**Data excerpt**
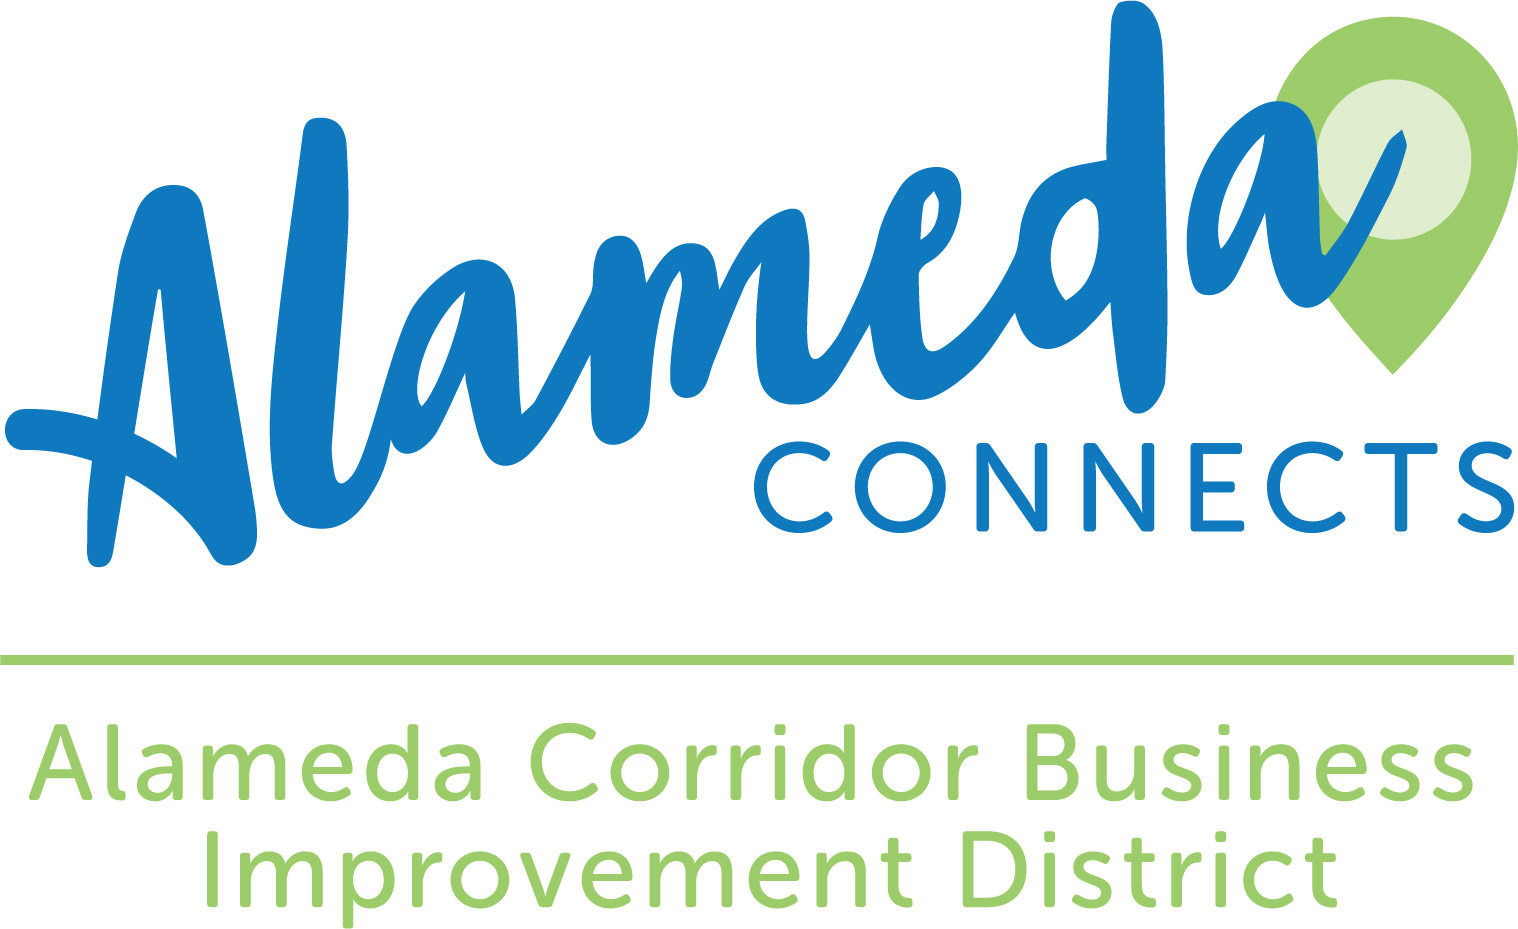 Alameda Corridor Business Improvement District/Alameda Connects
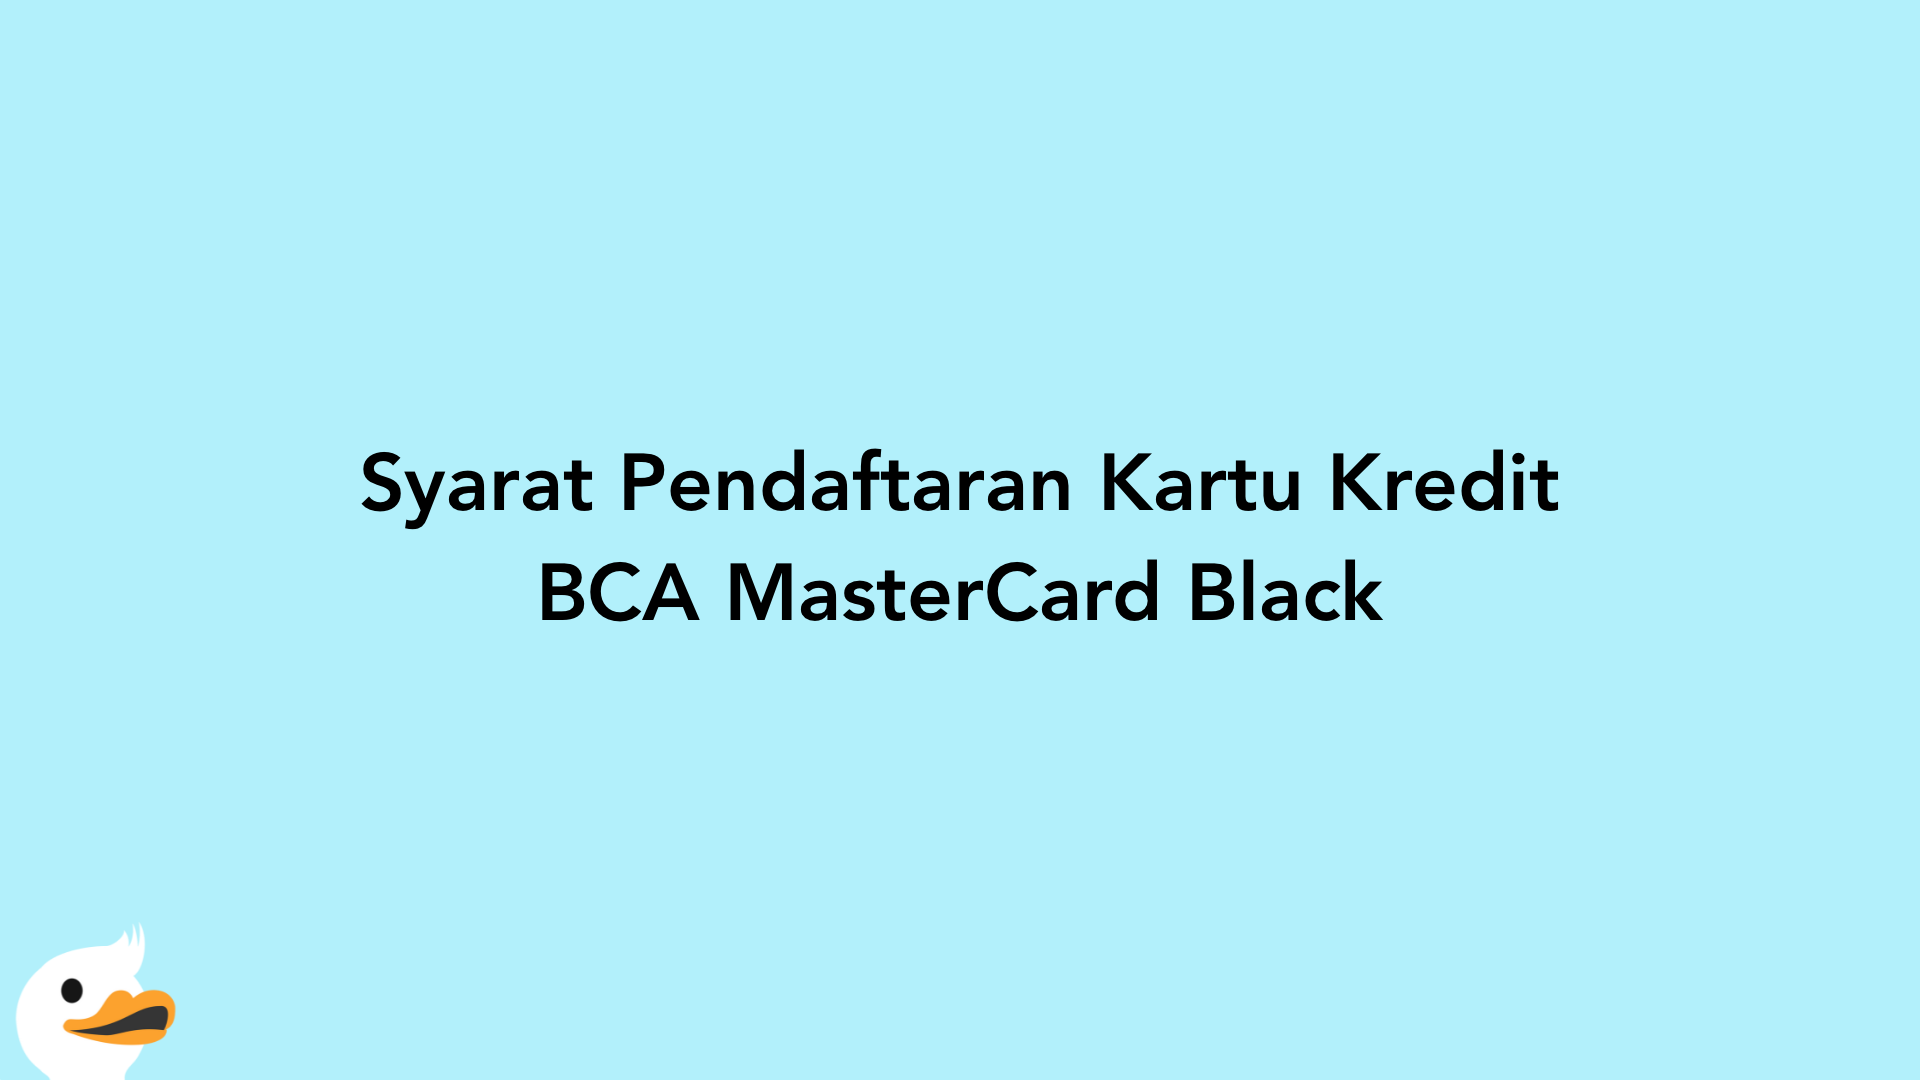 Syarat Pendaftaran Kartu Kredit BCA MasterCard Black
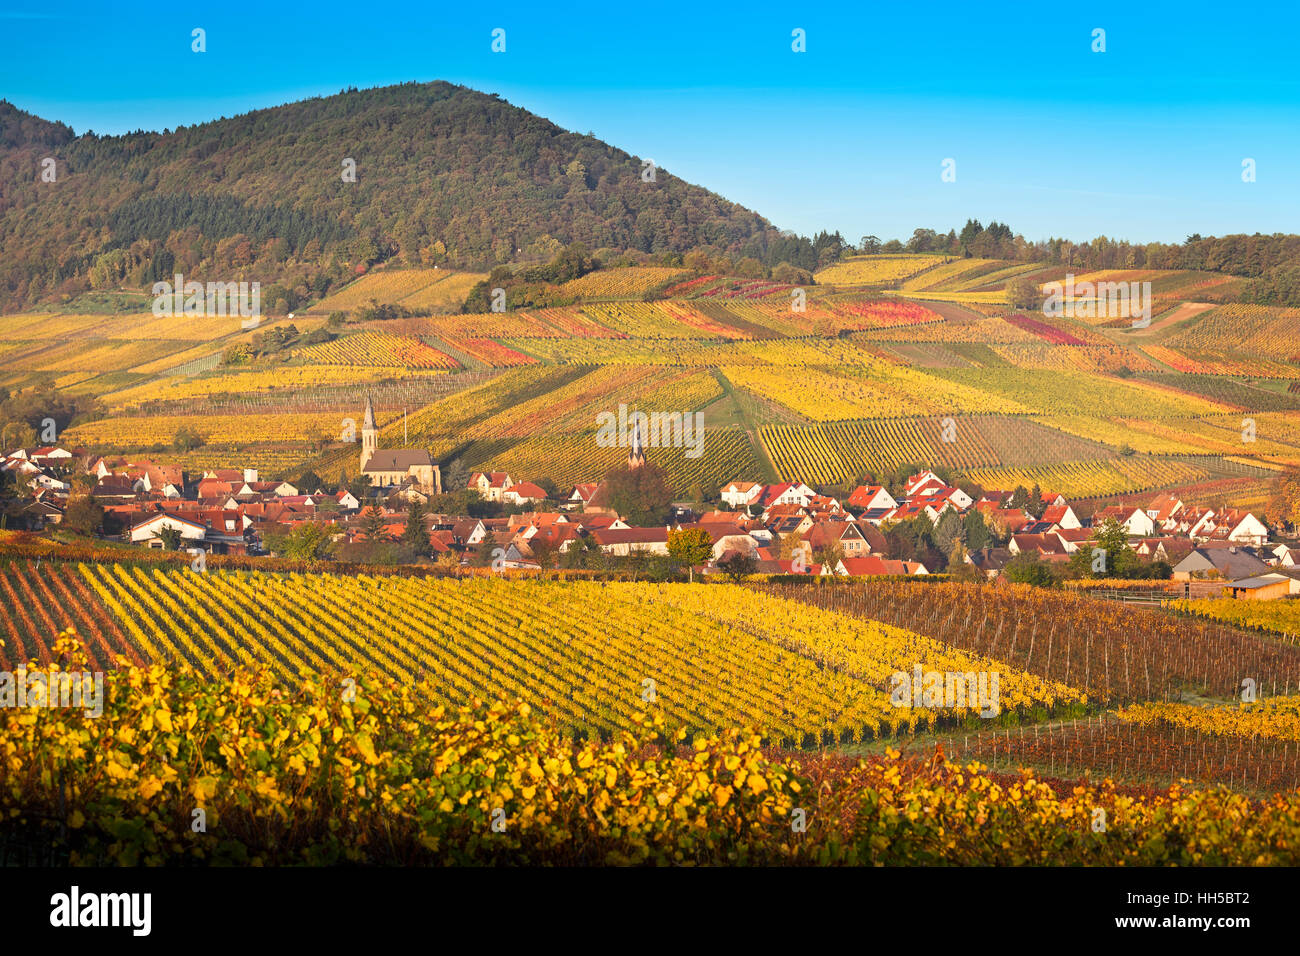 Village with vineyards at autumn, Pfalz, Germany Stock Photo

**About this task**
Without including any images, output the data exactly as given.

**Final answer**
 Alameda Corridor Business Improvement District/Alameda Connects
 Syarat Pendaftaran Kartu Kredit BCA MasterCard Black
 Village with vineyards at autumn, Pfalz, Germany Stock Photo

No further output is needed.